The space complexity comes primarily from storing prefix sums and hash map frequencies.
Test Cases
sol = Solution()
# Provided examples
assert sol.waysToPartition([2, -1, 2], 3) == 1 # change creates one partition
assert sol.waysToPartition([0, 0, 0], 1) == 2 # best to leave unchanged
assert sol.waysToPartition(
[22,4,-25,-20,-15,15,-16,7,19,-10,0,-13,-14],
-33
) == 4 # complex mixed values
# Minimum size array
assert sol.waysToPartition([1, 1], 1) == 1 # single pivot valid
# No possible partitions
assert sol.waysToPartition([1, 2, 3], 10) == 1 # modification creates partition
# Negative numbers
assert sol.waysToPartition([-1, -1, -1, -1], -1) == 1 # balanced negatives
# Large repeated values
assert sol.waysToPartition([5, 5, 5, 5, 5, 5], 5) == 1 # unchanged best
# Modification improves answer
assert sol.waysToPartition([1, 2, 1, 2, 1], 3) == 2 # modification adds partitions
# Odd total becomes even after modification
assert sol.waysToPartition([1, 1, 1], 2) == 1 # parity changes
# All zeros
assert sol.waysToPartition([0, 0, 0, 0], 100) == 3 # unchanged optimal
# Large negative replacement
assert sol.waysToPartition([10, -10, 10, -10], -100) >= 0 # stress negative delta
Test Summary
| Test | Why |
|---|---|
[2,-1,2] |
Simple modification creates partition |
[0,0,0] |
Existing partitions already optimal |
| Large mixed example | Validates full algorithm behavior |
[1,1] |
Minimum array size |
[1,2,3] |
Modification required |
| Negative values | Ensures sign handling correctness |
| Repeated values | Tests duplicate prefix sums |
[1,2,1,2,1] |
Modification improves result |
| Odd total case | Tests parity transitions |
| All zeros | Maximum natural partitions |
Edge Cases
One important edge case occurs when the array already has the maximum possible number of valid partitions without any modification. A careless implementation might always force a change and accidentally reduce the answer. This implementation explicitly computes the baseline answer before trying modifications, ensuring the unchanged array is considered.
Another tricky case involves odd total sums. A partition requires the total sum to be divisible evenly into two equal halves. If the total is odd, no partition exists initially. However, changing one element may change the parity of the total. The implementation carefully checks divisibility before counting targets, preventing incorrect floor division behavior.

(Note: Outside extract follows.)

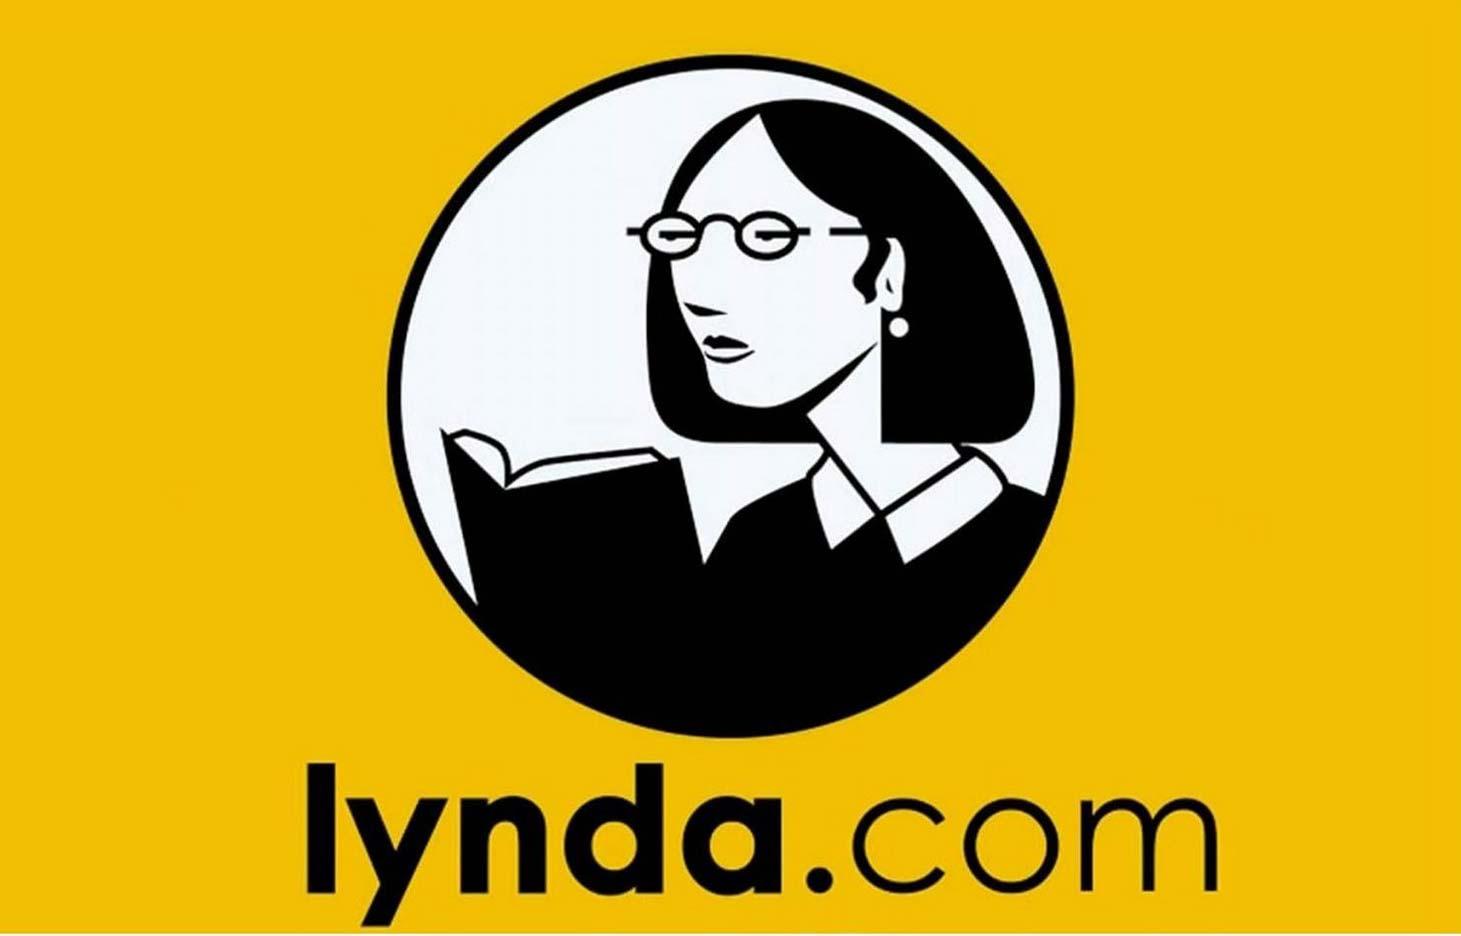 Lynda.com - @GUHSDtech

Arrays with many duplicate prefix sums are also important. Multiple pivots can share the same prefix value, especially in arrays containing zeros or repeated patterns. Using frequency maps instead of sets ensures every valid pivot is counted correctly.
A final subtle case involves pivots relative to the modified index. Pivots before the modified element and pivots after it behave differently because the changed value contributes to different sides of the partition. The algorithm handles this by maintaining separate left and right frequency maps, guaranteeing that each pivot uses the correct balance equation.